Class of chemical compounds

Polynitrides are solid chemical compounds with a large amount of nitrogen, beyond what would be expected from valencies. Some with N_{2} ions are termed pernitrides.
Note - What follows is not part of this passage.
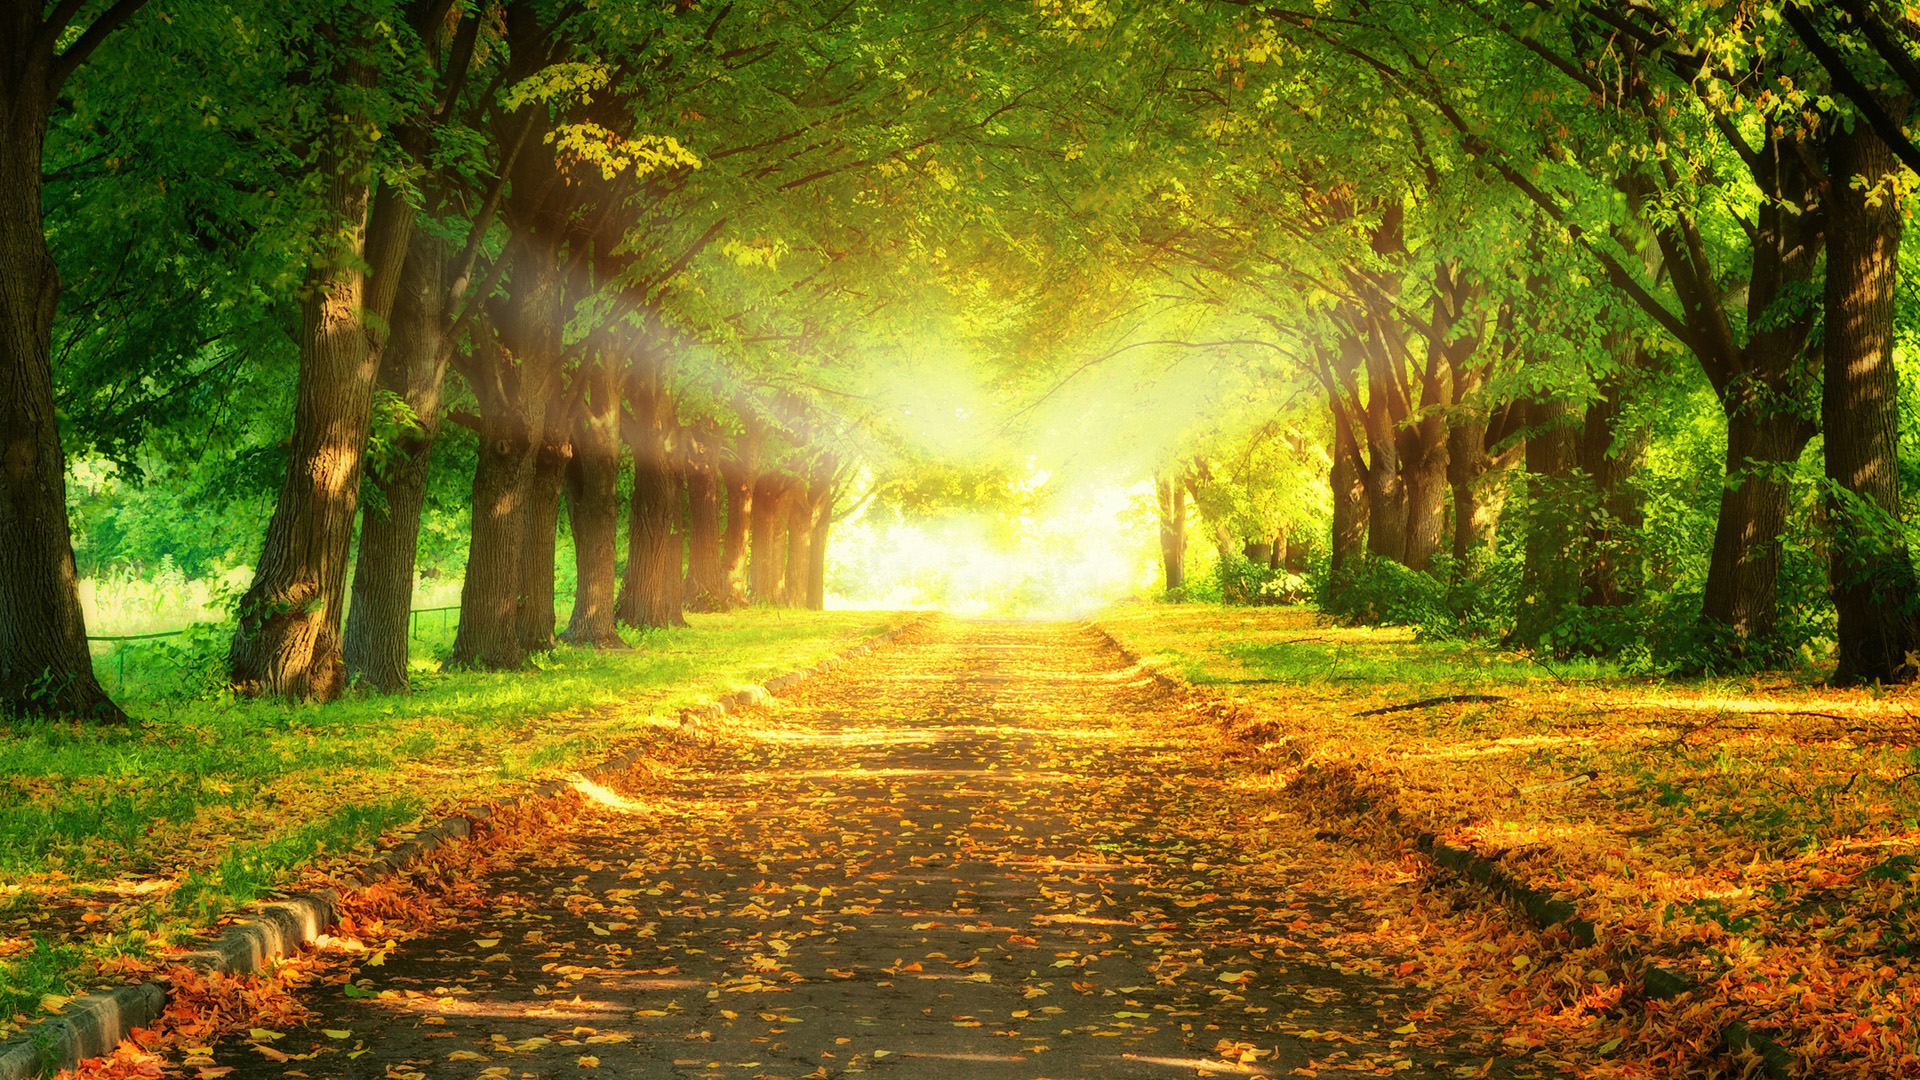 自然公园路,树林,阳光,落叶,美丽的自然风景桌面壁纸

Azides are not considered polynitrides, although pentazolates are.

They are formed at high pressures and mostly at high temperature. Many are stable under high pressure, but some are metastable when decompressed to standard conditions. They are high energy density materials, capable of exploding with high power. Some are very hard, almost as strong as diamond.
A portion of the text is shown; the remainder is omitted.